The vague uneasiness that seems to creep into my thoughts and I ask myself ‘why am I doing this?’ Sometimes it slithers into my thoughts as listlessness, fatigue, or a low energy level. Sometimes I just don’t have the UMPH to fight it.
Finishing Norris’ book has led me to reading more on compunction and manual labor as tools for resolving acedia. Any thoughts?
posted October 18, 2008 at 7:30 am
Acedia…an ancient demon… « Church Remix
[...] Acedia from Friday is for Friends [...]
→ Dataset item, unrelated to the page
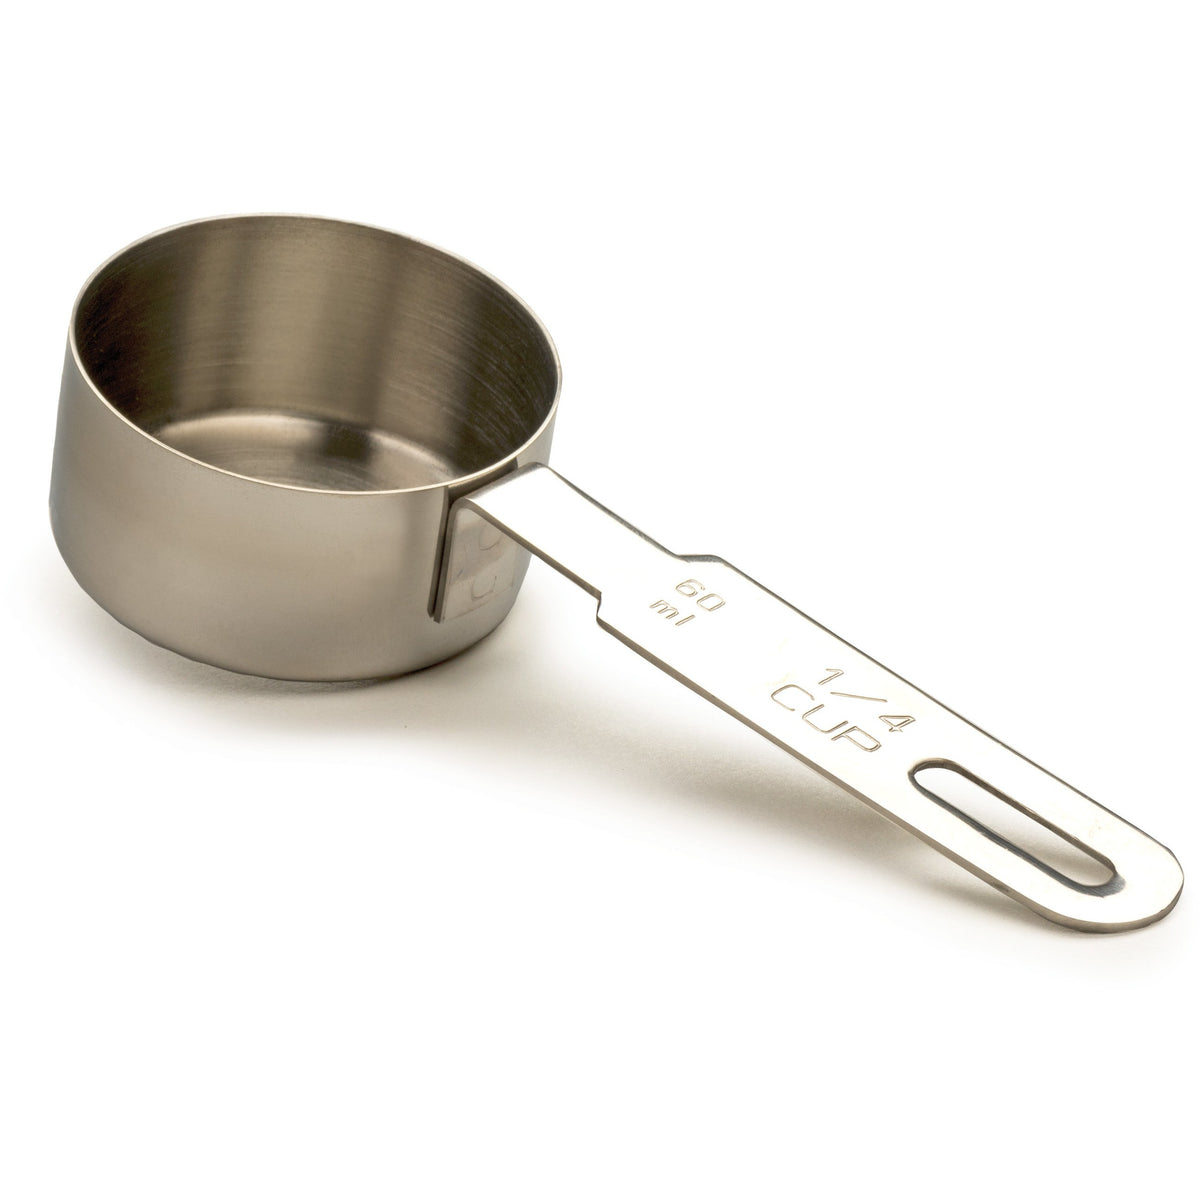 1/4 Cup Measuring Cup

posted October 18, 2008 at 9:41 am
Here is an interview with the author:
http://www.homileticsonline.com/subscriber/interviews/norris.asp
posted October 20, 2008 at 7:42 pm
Dorothy Sayers takes an excellant quick look at acedia
in “Letters To a Diminished Church”. She writes, “The sixth deadly sin is named acedia or sloth. In the world it calls itself tolerance; but in hell it is called despair. It is the accomplice of the other sins and their worst punishment. It is the sin that believes in nothing, cares for nothing, seeks to know nothing, interferes with nothing, enjoys nothing, loves nothing, hates nothing, finds purpose in nothing, lives for nothing and remains alive only because there is nothing it would die for. We have known it far too well for many years. The only thing perhaps that we have not known about it is that it is a mortal sin.”